25C-NBOMe
Although this article specifically addresses 25C-NBOMe, there are also 25I- and 25B- versions of the compound
Background
- 2-(4-chloro-2,5-dimethoxyphenyl)-N-[(2-methoxyphenyl)methyl]ethanamine
- Other names: NBOMe-2C-C, Boom, C-Boom, Cimbi-82, Pandora, N-bomb, Holland film, Dime
- Potent partial agonist of 5-HT2A receptor[1]
- First synthesized in Germany by Ralf Heim in 2004[2]
- Member of new class of toxic phenethylamine derivatives (NBOMe) with similar effects to LSD
- Commonly ingested orally or sublingually; can also be taken nasally, parenterally, vaginally, rectally.
- Dose of 50-200 micrograms causes hallucinogenic effects[1]
- Onset 0-15 mins, peak 30-90 mins, total duration 4-10 hours[1]
- Case reports of ingestions have included overdose symptoms of grand mal seizures and purpuric rash and mydriasis with 25B-NBOMe variant[3]

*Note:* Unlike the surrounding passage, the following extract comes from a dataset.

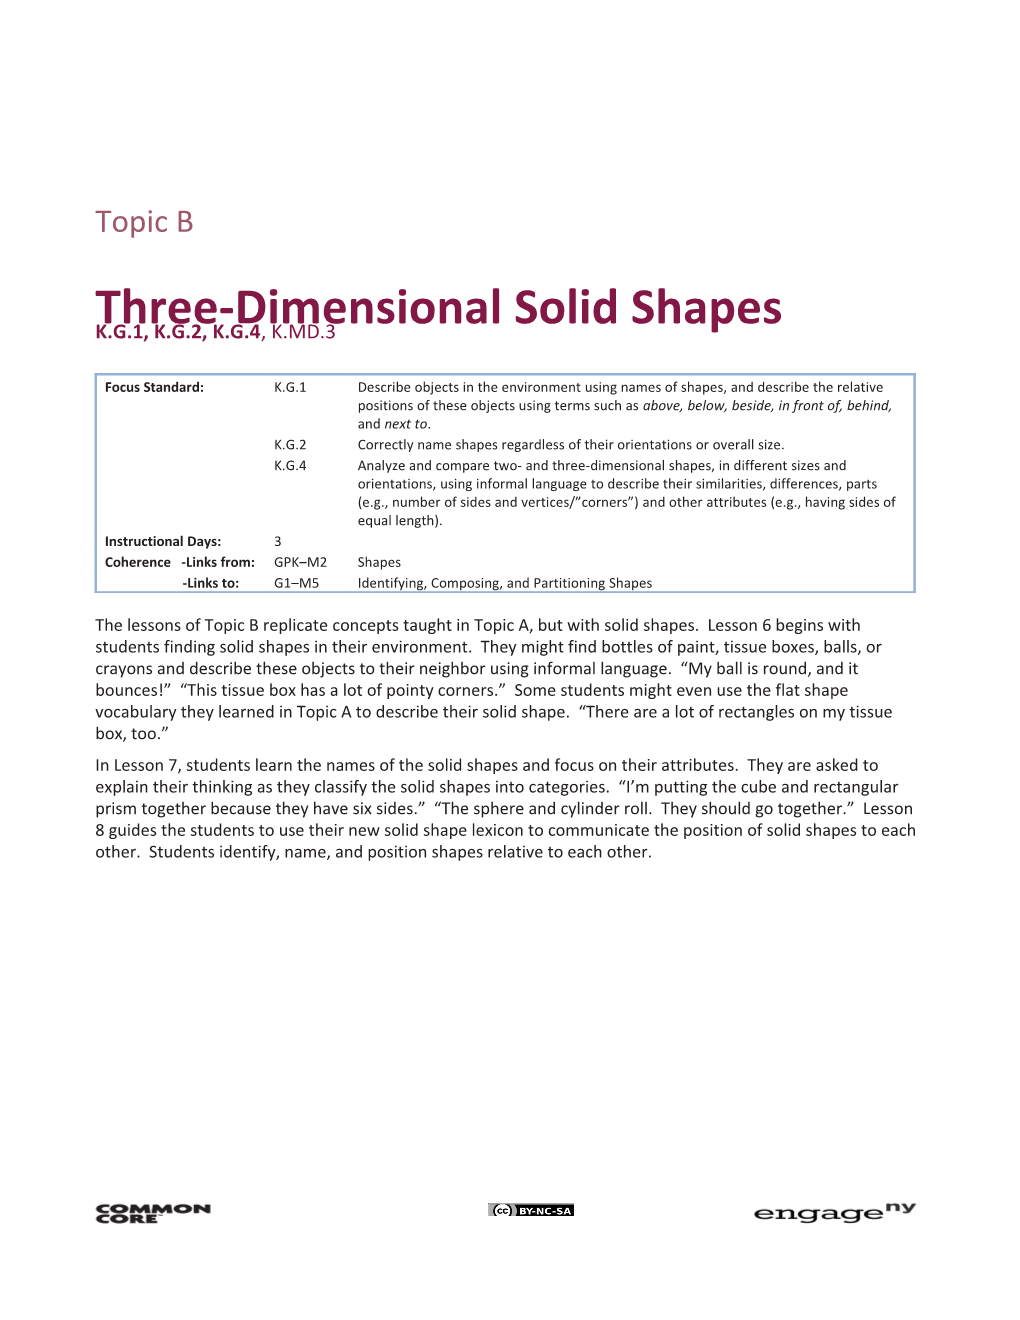 Three-Dimensional Solid Shapes
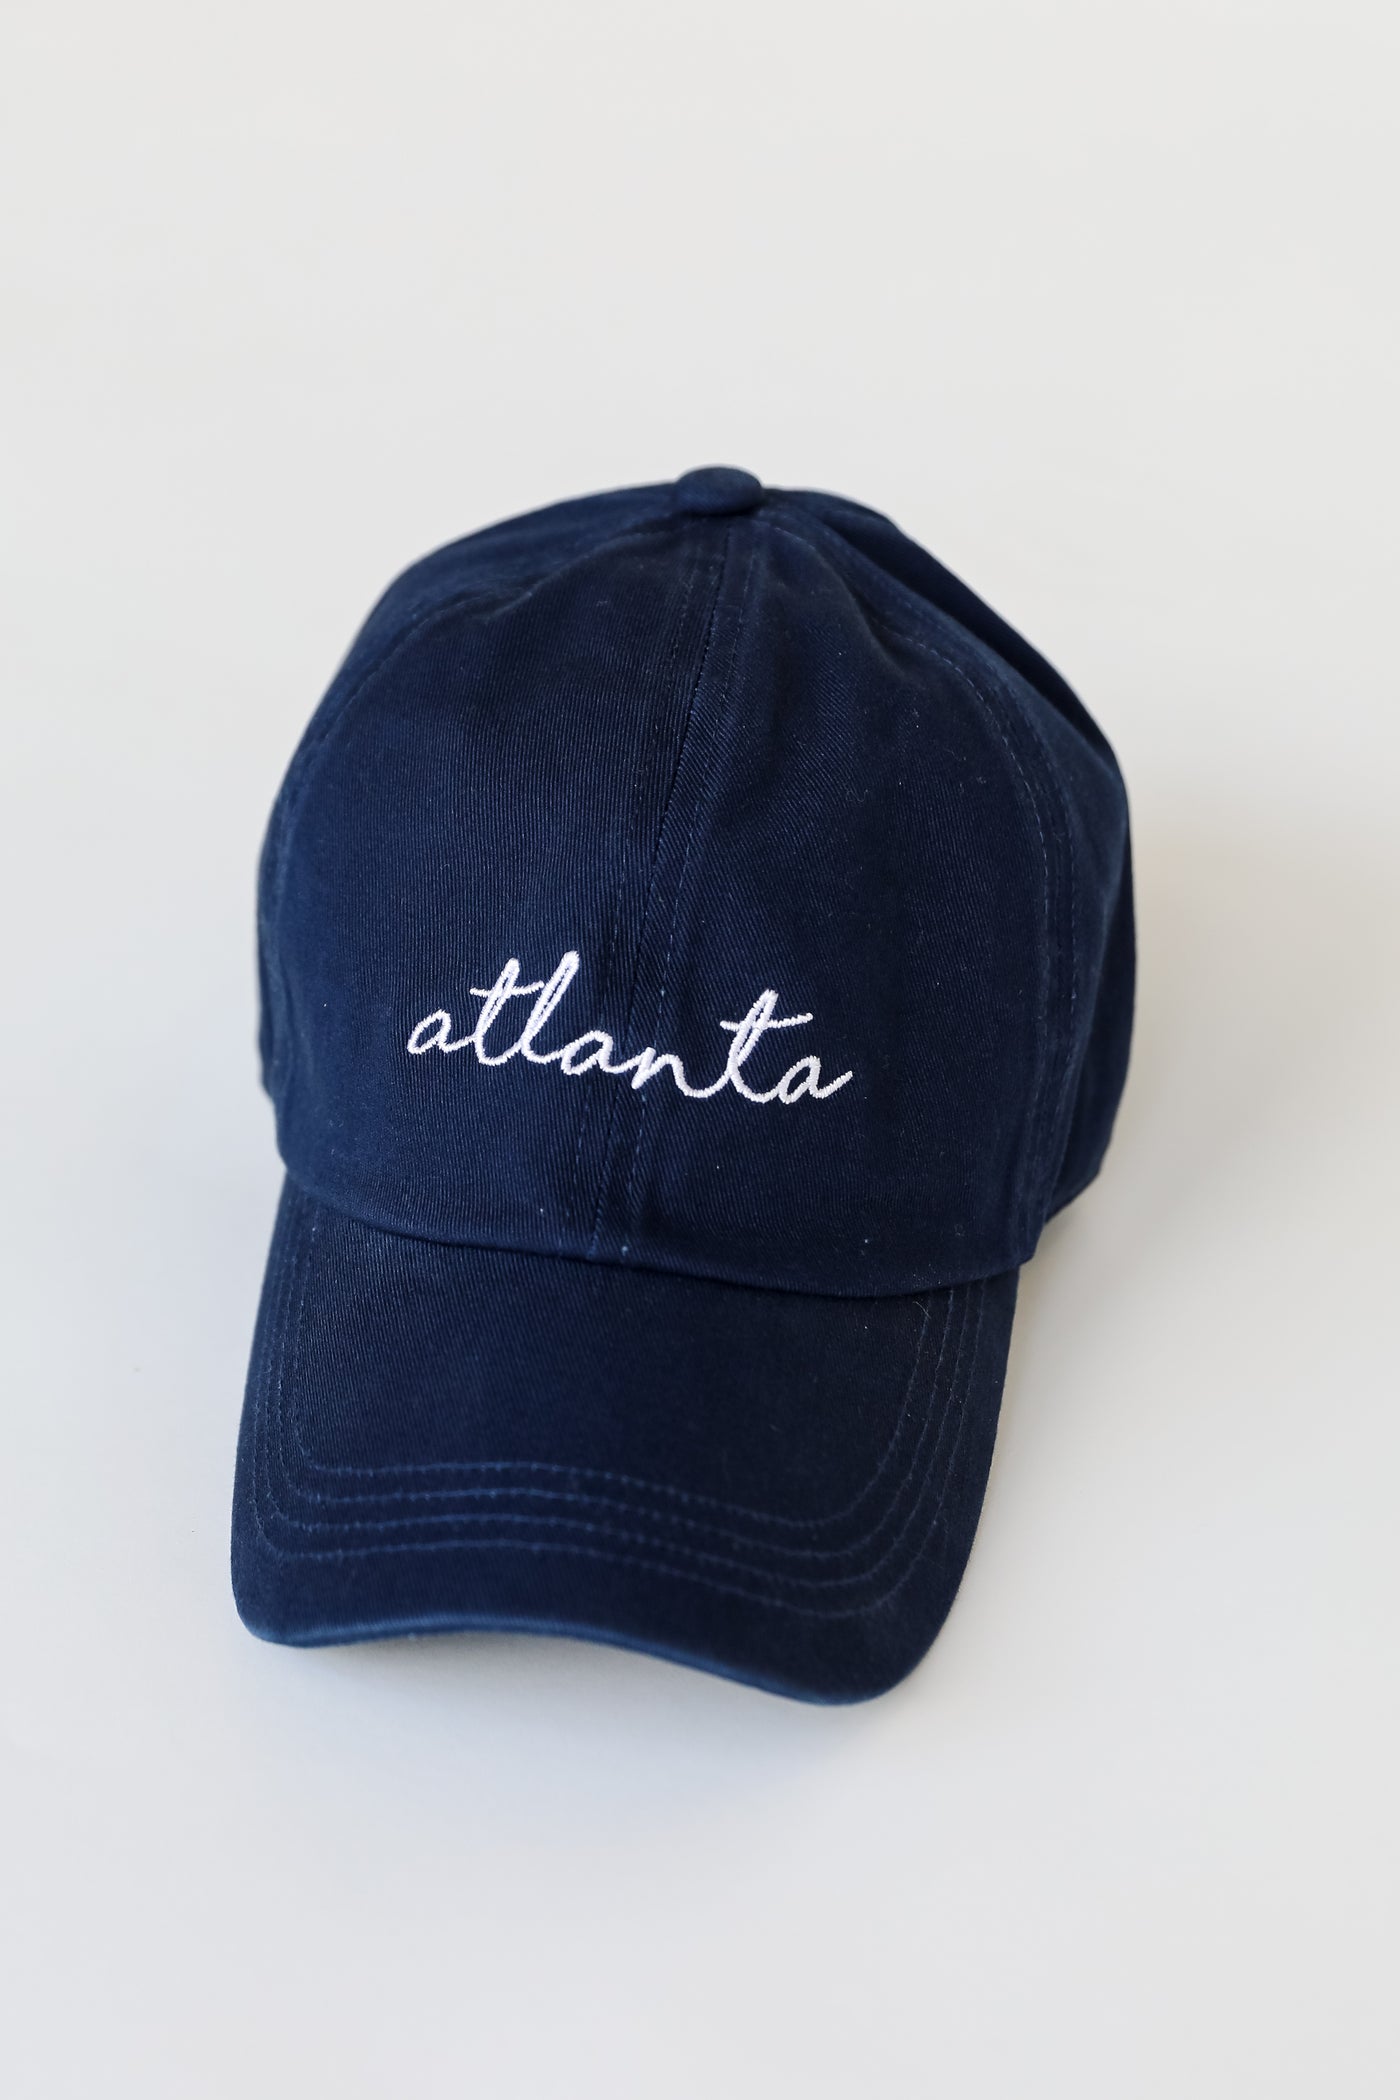 Atlanta Script Embroidered Hat in navy flat lay

- The 25I- version of the drug has symptoms described as tachycardia, hallucinations, hypertension, and seizures and agitation.[4]
Clinical Features
- Metallic chemical taste
- Sense of numbness of tongue and mouth
- Euphoria
- Visual/Auditory hallucinations
- Stimulation +/- tremors, bruxism
- Serotonin Syndrome (altered mental status, Hyperthermia, rigidity, autonomic instability)[5]
- Confusion
- Agitation
- Vasoconstriction
- Nausea and Vomiting
- Headache
- Palpitations
- Diaphoresis
- Dysuria
- Hypertension
- Generalized Seizure
- Mydriasis
- Acute Renal Failure
- Metabolic Acidosis
Differential Diagnosis
Drugs of abuse
- 25C-NBOMe
- Alcohol
- Amphetamines
- Bath salts
- Cocaine
- Ecstasy
- Gamma hydroxybutyrate (GHB)
- Heroin
- Inhalant abuse
- Hydrocarbon toxicity
- Difluoroethane (electronics duster)
- Marijuana
- Kratom
- Phencyclidine (PCP)
- Psilocybin ("magic mushrooms")
- Synthetic cannabinoids
- Chloral hydrate
- Body packing
Hallucinations
Serotonin-Like Agents
- Lysergic acid diethylamide (LSD)
- Psilocybin ("magic mushrooms")
- N,N-Dimethyltryptamine (DMT)
- 5-methoxy- dimethyltryptamine (5-MeO-DMT)
- 25C-NBOMe
Enactogens
- Designer amphetamines
- Bath salts
- Ecstasy (MDMA)
- Mescaline (peyote)
- Synthetic cannabinoids
Dissociative Agents
- Phencyclidine (PCP)
- Ketamine
- Dextromethorphan
- Nitrous oxide
Plant-based Hallucinogenics
- Marijuana
- Salvia
- Absinthe
- Isoxazole Mushrooms
- Hawaiian baby woodrose (Argyreia nervosa)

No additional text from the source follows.